Human-centered Vision Systems

Instructor: Nicu Sebe (University of Trento, Italy)

Syllabus

This tutorial aims to offer its audience a new perspective towards opportunities in employing contextual data in human-centric video-based applications. The tutorial covers topics and case studies in algorithm design for different applications in smart environments and examines the use of contextual data in various forms to provide efficiency and reliability to the vision processing. Examples of inference of the user’s activity, facial expression, eye gaze, gesture, emotion, and intention, as well as object recognition based on user interactions are used to support the presented topics.

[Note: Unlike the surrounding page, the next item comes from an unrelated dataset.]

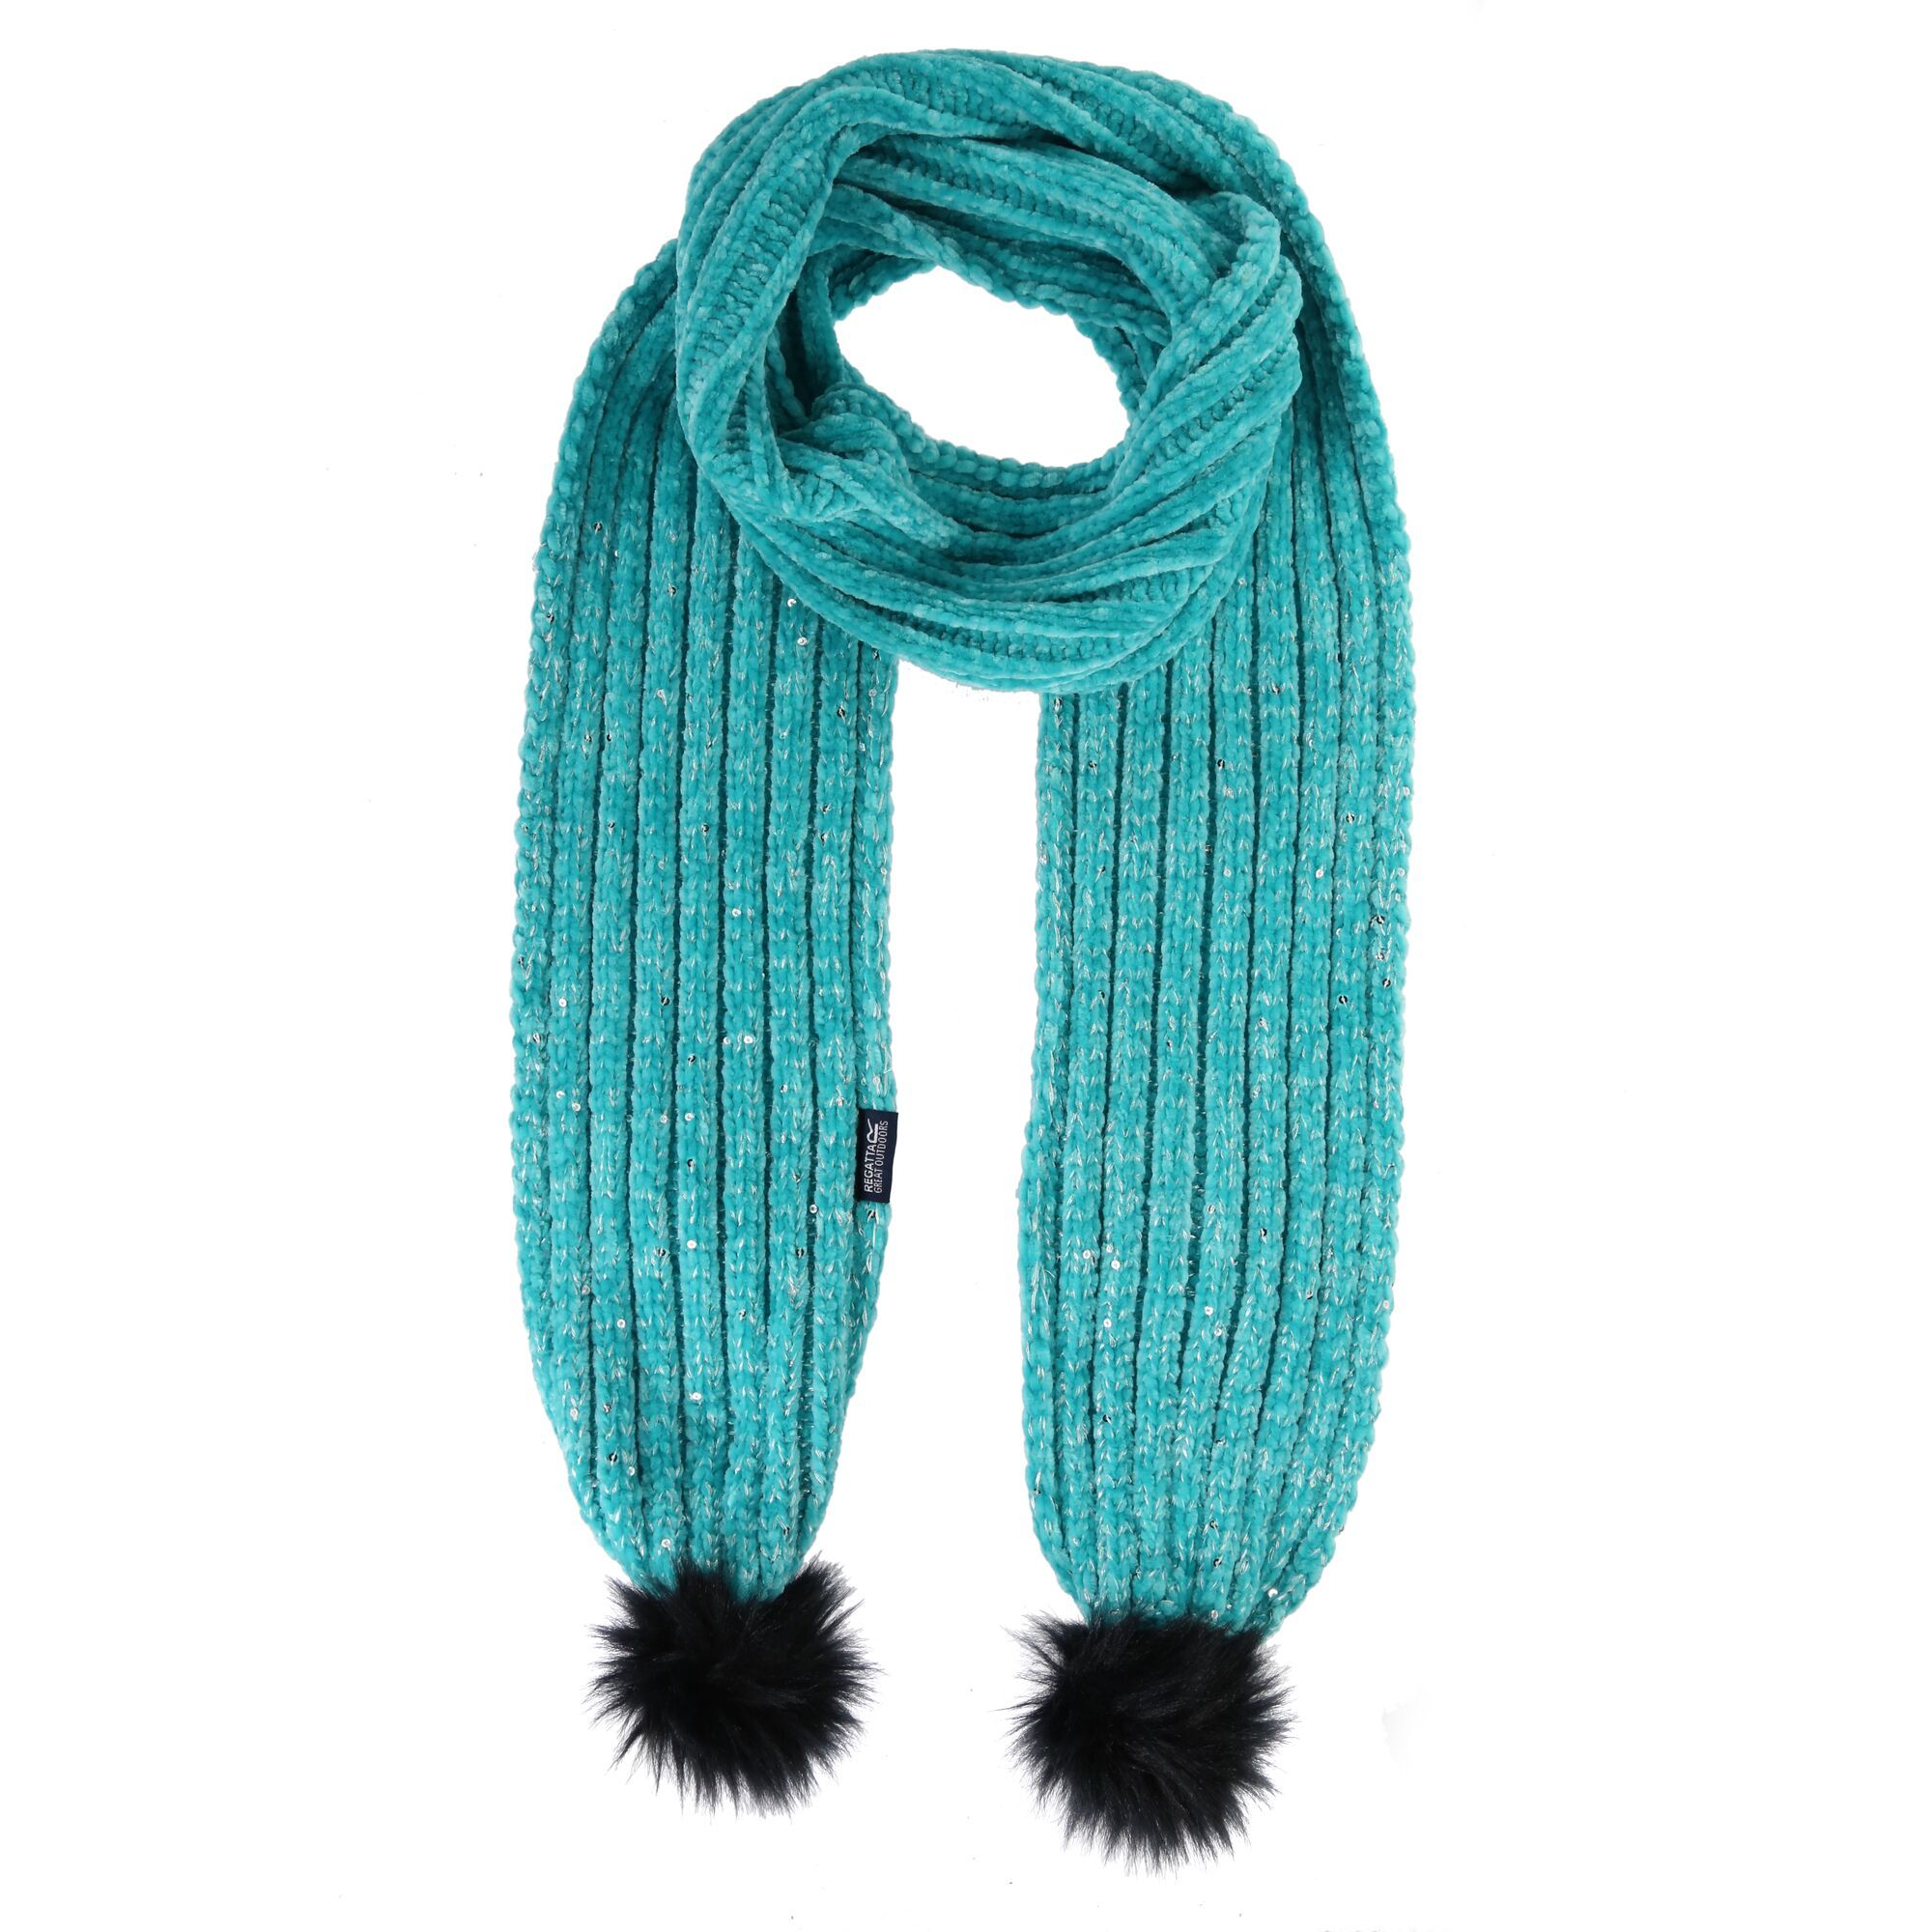 Material: 50% polyester, 50% acrylic. Winter ready and super cute, the Hedy Lux Scarf is made of easy-care acrylic yarn with a smattering of sequins and finished with faux-fur pom poms.

A convergence is occurring in human-centered information systems that employ real-time sensing and inference methods to know the user’s activity, location, commands, needs, state, and intentions on the one hand, and content acquisition, searching, and delivery models based on the internet and other media resources on the other hand. Interfaces that sense and receive user’s commands and those that render the results to the user need to operate in a flexible way according to the user’s context or a preference profile. Vision can offer user interfaces that recognize the user’s location, pose, activity, gesture, area of interest, gait, mobility, habitual routines or novel actions, attention, facial expression, mood, emotions, type of clothing, and interaction with the environment, objects, appliances, or other people. While many of these features have been extensively studied by the vision community, the term “human-centered” is used to refer to the role vision can play through a collection of these features in offering flexible, adaptive, and context-aware interface and inference operations when working with an individual user.

The course focuses on three aspects of context-driven information fusion in video processing for human-centric applications: (1) Interfacing vision processing with high-level data fusion to build up knowledge based and behavior models; (2) Human pose, gaze, activity, facial expression, preferences, behavior modeling, and user feedback as sources of human-centric context; (3) Case studies of incorporating vision-based activity and expression recognition algorithms into adaptive systems that learn user preferences and adjust their services accordingly. The course topics and case studies are supported by a large collection of implemented examples covering various layers of processing from early vision extraction to intermediate soft decisions in multi-camera processing or latent-space activity recognition, and to high-level inference of semantics based on visual clues.

Syllabus

The tutorial will provide the participants with an understanding of the key concepts, state-of-the-art techniques, new application opportunities, and open issues in the areas described above. The course is organized into the following syllabus:

  1. Introduction and motivation:
    1. New paradigms in user-centric design: application spaces in smart environments, ambient intelligence, adaptive systems, intuitive interfaces
    2. Convergence of sensing, inference, and media content delivery in human-centered information systems
    3. Challenges in vision design: processing aspects in algorithm design, user acceptance aspects in application design
  2. Use of context in video processing:
    1. Types of contextual data and sources: environmental versus user-centric context, static versus dynamic context, multi-camera networks, multimodal sensing
    2. Examples in early vision, human pose analysis, user intention detection
  3. Interface of vision and high-level inference:
    1. Data fusion for vision-based inference, role of feedback to vision, knowledge accumulation, observation validation
    2. Interactive learning: role of user in guiding the inference system, query and feedback from user, intuitive user interactions
    3. Semantic labeling based on user observations and context, grounding logic rules with observations
    4. Case study: activity recognition based on environmental context
  4. Human-centric inference
    1. Human-centric data: algorithms for detection of human pose, gesture, activity, facial expression, gaze, attention, mood, emotions
    2. Case study: human head pose and gaze analysis
    3. Case study: multimodal human emotion analysis
  5. Conclusions and new frontiers